Some Fortran compilers including the IBM xlf, xlF etc compilers have a compile option (-C for IBM’s) that causes all array access in Fortran to be checked that they are in-bounds. This is a great feature but does require that the array dimensions be set explicitly, not with a *.

How do I debug if -start_in_debugger does not work on my machine?#

The script Azrael3000/tmpi can be used to run multiple MPI ranks in the debugger using tmux.

On newer macOS machines - one has to be in admin group to be able to use debugger.

On newer Ubuntu linux machines - one has to disable ptrace_scope with

$ sudo echo 0 > /proc/sys/kernel/yama/ptrace_scope

to get start in debugger working.

If -start_in_debugger does not work on your OS, for a uniprocessor job, just try the debugger directly, for example: gdb ex1. You can also use TotalView which is a good graphical parallel debugger.

How do I see where my code is hanging?#

You can use the -start_in_debugger option to start all processes in the debugger (each will come up in its own xterm) or run in TotalView. Then use cont (for continue) in each xterm. Once you are sure that the program is hanging, hit control-c in each xterm and then use ‘where’ to print a stack trace for each process.

How can I inspect PETSc vector and matrix values when in the debugger?#

I will illustrate this with gdb, but it should be similar on other debuggers. You can look at local Vec values directly by obtaining the array. For a Vec v, we can print all local values using:

(gdb) p ((Vec_Seq*) v->data)->array[0]@v->map.n

However, this becomes much more complicated for a matrix. Therefore, it is advisable to use the default viewer to look at the object. For a Vec v and a Mat m, this would be:

(gdb) call VecView(v, 0)
(gdb) call MatView(m, 0)

or with a communicator other than MPI_COMM_WORLD:

(gdb) call MatView(m, PETSC_VIEWER_STDOUT_(m->comm))

Totalview 8.8.0+ has a new feature that allows libraries to provide their own code to display objects in the debugger. Thus in theory each PETSc object, Vec, Mat etc could have custom code to print values in the object. We have only done this for the most elementary display of Vec and Mat. See the routine TV_display_type() in src/vec/vec/interface/vector.c for an example of how these may be written.

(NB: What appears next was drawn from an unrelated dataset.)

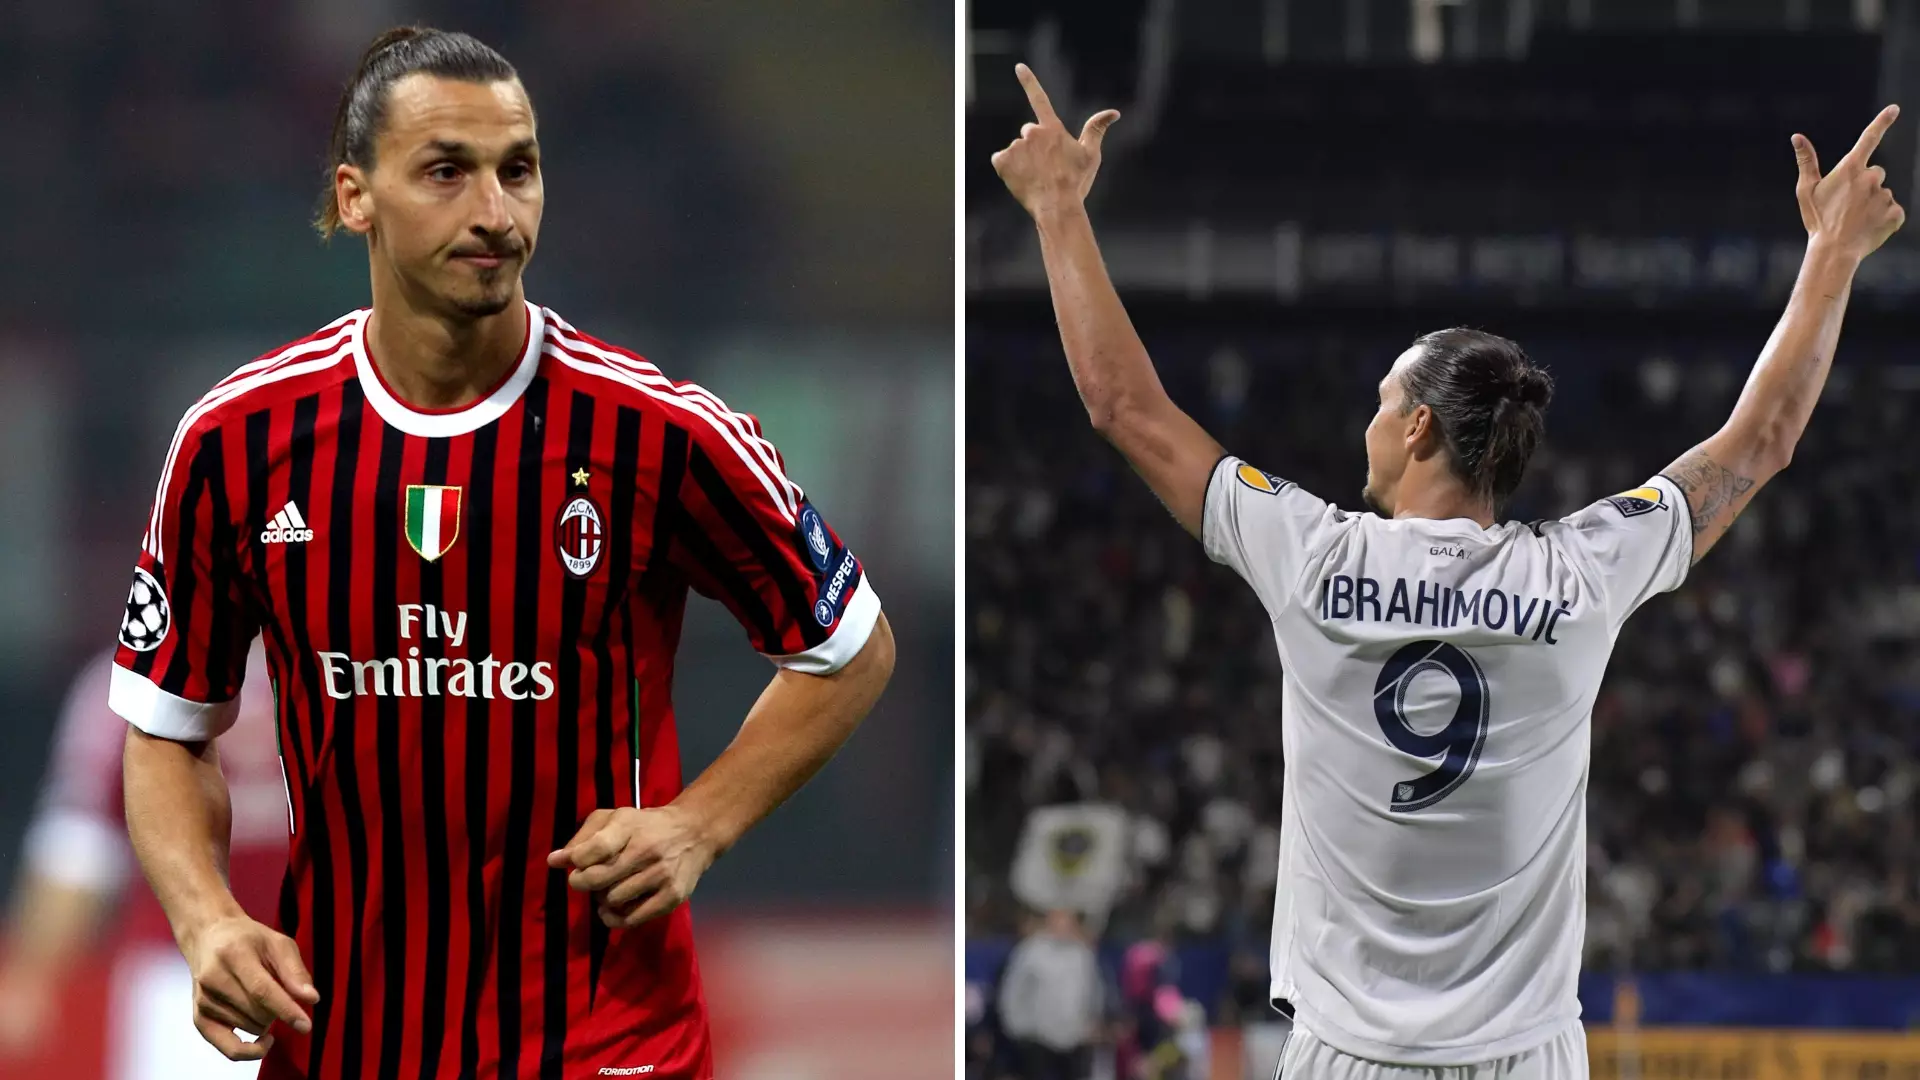 AC Milan Have Made A €2.2m Contract Offer To Zlatan Ibrahimović

Contact us if you would like to add more.

How can I find the cause of floating point exceptions like not-a-number (NaN) or infinity?#

The best way to locate floating point exceptions is to use a debugger. On supported architectures (including Linux and glibc-based systems), just run in a debugger and pass -fp_trap to the PETSc application. This will activate signaling exceptions and the debugger will break on the line that first divides by zero or otherwise generates an exceptions.

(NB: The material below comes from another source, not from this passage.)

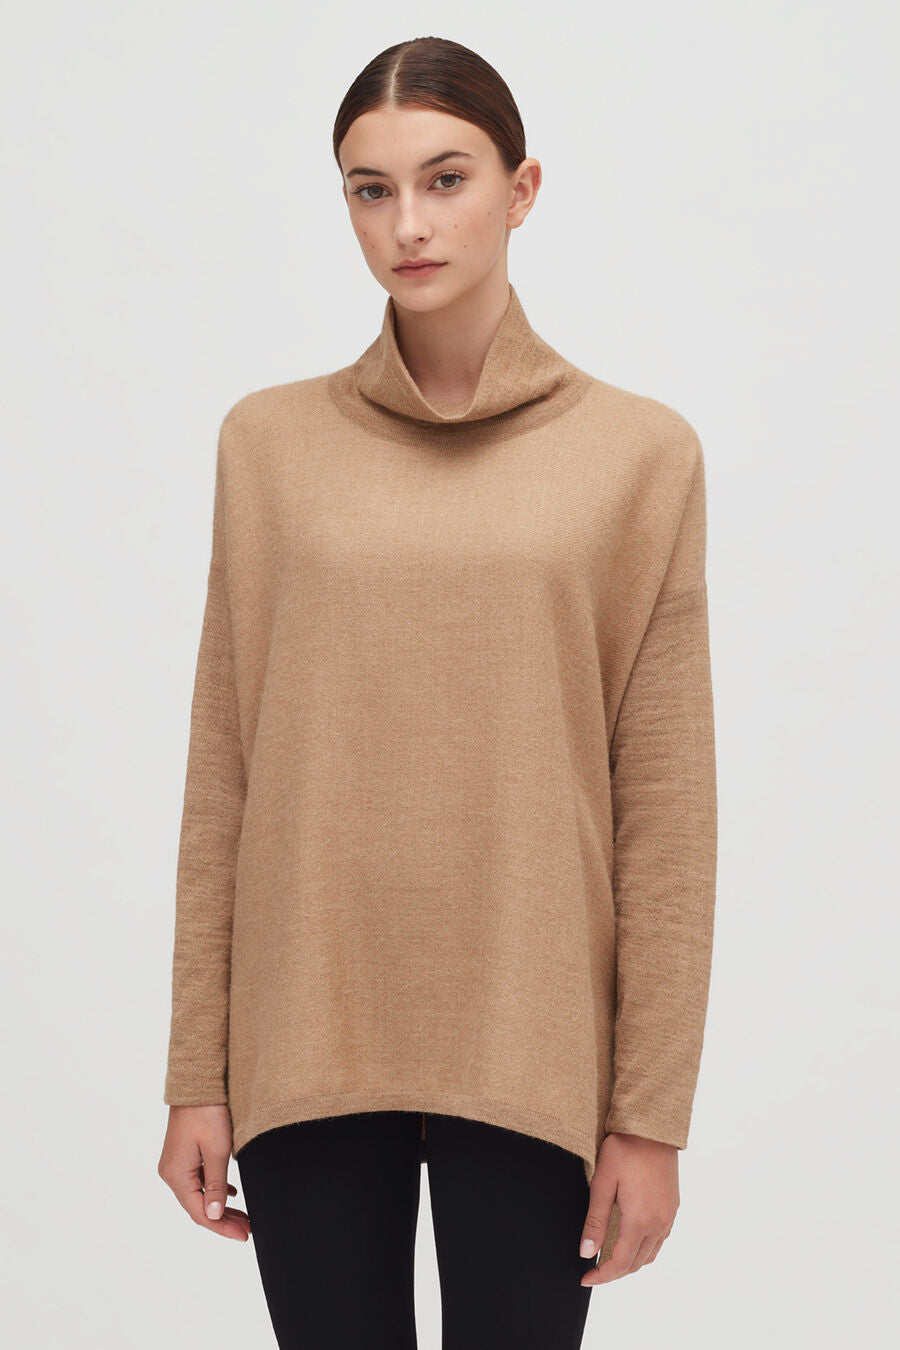 Woman wearing a turtleneck sweater standing straight with a neutral expression.

Without a debugger, running with -fp_trap in debug mode will only identify the function in which the error occurred, but not the line or the type of exception. If -fp_trap is not supported on your architecture, consult the documentation for your debugger since there is likely a way to have it catch exceptions.

Error while loading shared libraries: libimf.so: cannot open shared object file: No such file or directory#

The Intel compilers use shared libraries (like libimf) that cannot be found, by default, at run time. When using the Intel compilers (and running the resulting code) you must make sure that the proper Intel initialization scripts are run. This is usually done by adding some code into your .cshrc, .bashrc, .profile etc file. Sometimes on batch file systems that do now access your initialization files (like .cshrc) you must include the initialization calls in your batch file submission.

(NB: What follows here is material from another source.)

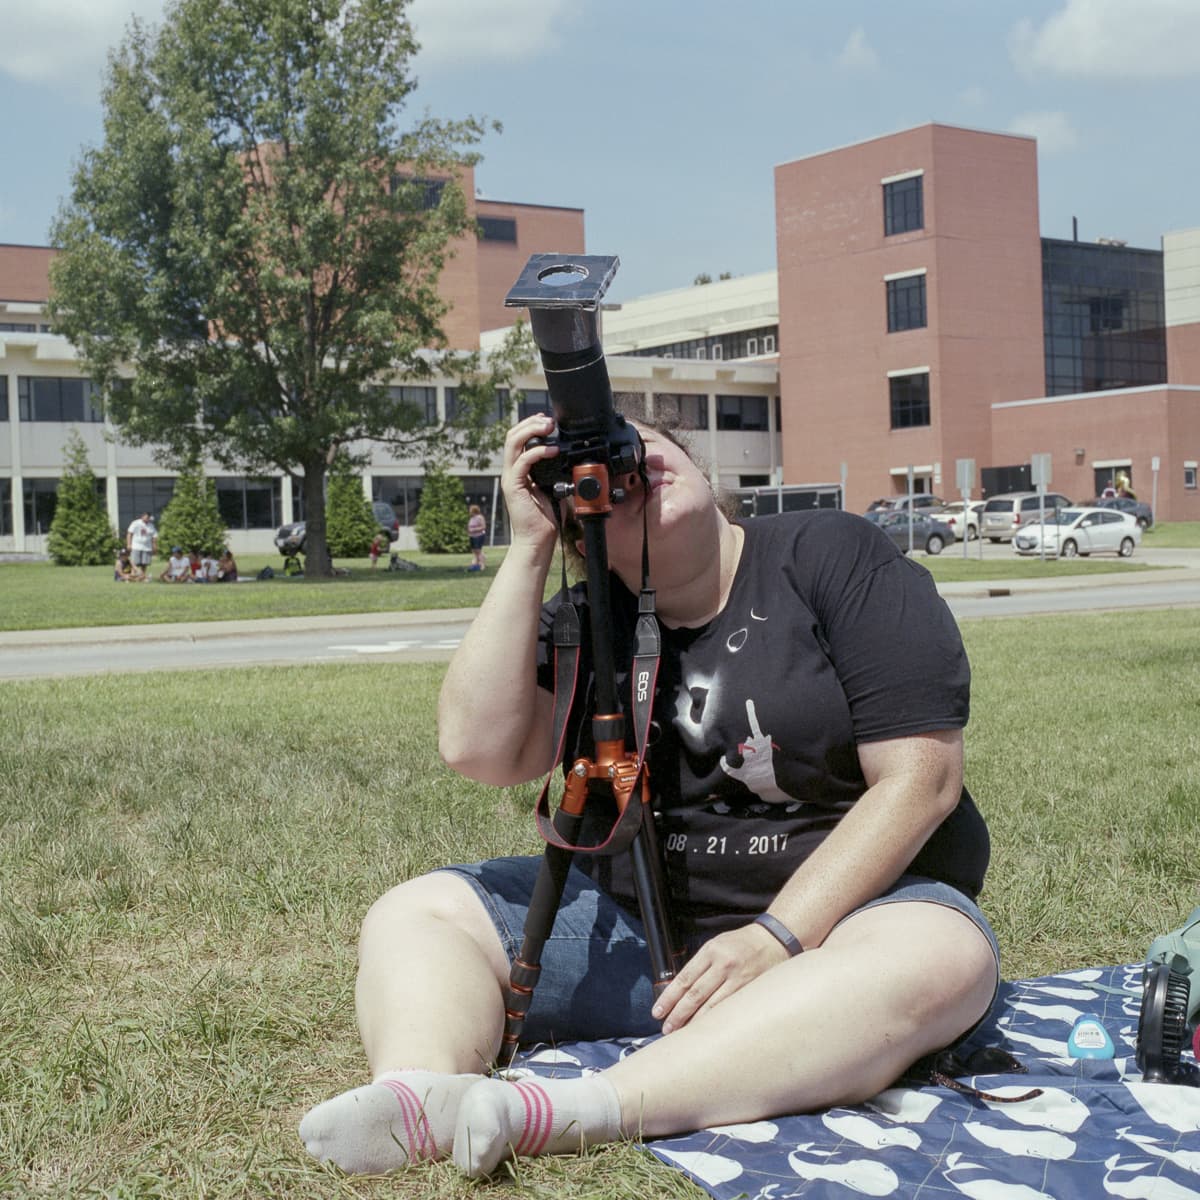 An analog portrait of a woman watching the event at SIU in Carbondale, Illinois

For example, on my Mac using csh I have the following in my .cshrc file:

source /opt/intel/cc/10.1.012/bin/iccvars.csh
source /opt/intel/fc/10.1.012/bin/ifortvars.csh
source /opt/intel/idb/10.1.012/bin/idbvars.csh

And in my .profile I have

source /opt/intel/cc/10.1.012/bin/iccvars.sh
source /opt/intel/fc/10.1.012/bin/ifortvars.sh
source /opt/intel/idb/10.1.012/bin/idbvars.sh

What does “Object Type Not Set: Argument # N” Mean?#

Many operations on PETSc objects require that the specific type of the object be set before the operations is performed. You must call XXXSetType() or XXXSetFromOptions() before you make the offending call. For example

will not work. You must add MatSetType() or MatSetFromOptions() before the call to MatSetValues(). I.e.

What does error detected in PetscSplitOwnership() about “sum of local lengths …”: mean?#

In a previous call to VecSetSizes(), MatSetSizes(), VecCreateXXX() or MatCreateXXX() you passed in local and global sizes that do not make sense for the correct number of processors. For example if you pass in a local size of 2 and a global size of 100 and run on two processors, this cannot work since the sum of the local sizes is 4, not 100.

What does “corrupt argument” or “caught signal” Or “SEGV” Or “segmentation violation” Or “bus error” mean? Can I use Valgrind or CUDA-Memcheck to debug memory corruption issues?#

Sometimes it can mean an argument to a function is invalid. In Fortran this may be caused by forgetting to list an argument in the call, especially the final PetscErrorCode.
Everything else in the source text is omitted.